Despite the initial feedback, Love stuck with the video’s edgy name, and went with a cover that showed off her bullet-deflecting body and dyed-blonde hair. When the video came out in 2005, Love says it was ranked in the top 10 by Fitness magazine, which helped to spark an onslaught of sales.

“It was crazy. I remember waking up and turning on the computer one morning and there it was — ding, ding, ding,” she says, imitating the sound of a slot machine paying out. “It was like I had won the lottery.”

Within the first month, Love had recouped the entire $35,000 needed to make the initial video. Today, that video has spawned an entire series of seven workout videos, and another incarnation, Get Extremely Ripped! Rock Body, came out earlier this year.

Such success comes from sticking to a demographic Love, who turns 45 this June, knows well: boomer-aged women who prefer to work out at home, rather than in a gym filled with ogling eyes and tight-bodied 20-somethings who can burn calories simply by sneezing. Catering to this demographic, Love has made sure all the videos use women who’ve gotten results in her class.

“The distribution company wanted me to use 20-year-olds, but I said, ‘No way, that’s not who goes to my classes,’” she says.

That move has been dubbed the “Fonda Factor” by The New York Times, which once mentioned Love in a story about exercise videos put out by older, buff women that target female boomers — Fonda Factor, of course, references actress Jane Fonda who became a fitness guru in her mid-40s. The fearless leaders of this trend, the story noted, “are less pretty young thing and more yummy mummy.”

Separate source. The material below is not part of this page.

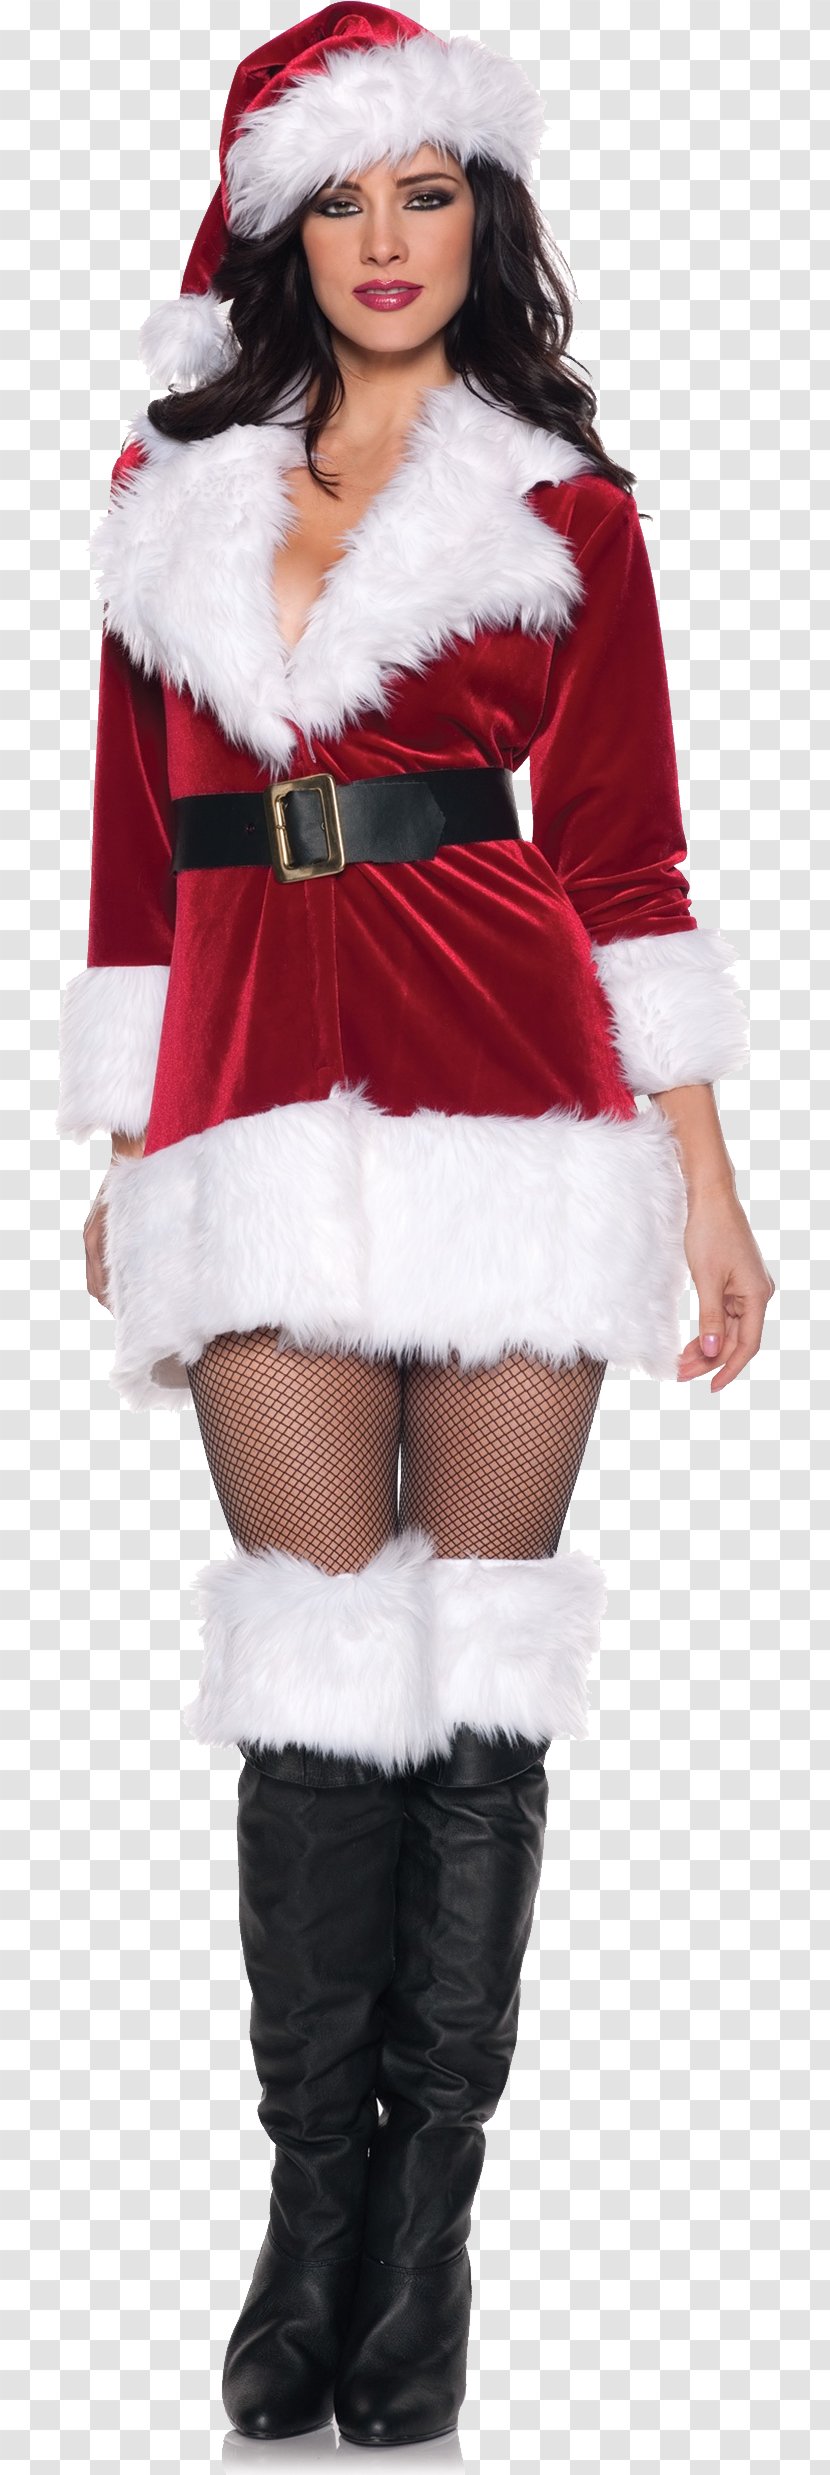 Mrs. Claus Santa Suit Costume Clothing - Neckline Transparent PNG

According to Perliss, who now owns the Los Angeles-based consulting firm MHP & Associates, it’s easy to see why the videos have been a hit. “It’s that whole MILF thing,” he says. “There is no question that there was an opportunity to target woman who had their two or three kids and were now trying to get back into the same shape they had been in when they were younger.”

Keeping with that strategy, Love plans to put out four more fitness videos for the same audience. Eventually, however, she’d like to move into reality TV and do a show with her husband, Ray Love, about running Fitness Plus, a two-gym location in Calgary the couple co-owns.

“My husband and I have got interesting chemistry, we’re both Type A personalities, but have two different ways of running things,” she says. “It would also make for good TV because of the variety of people on staff, as well as those who come in to work out.

“I just think it would be really neat.”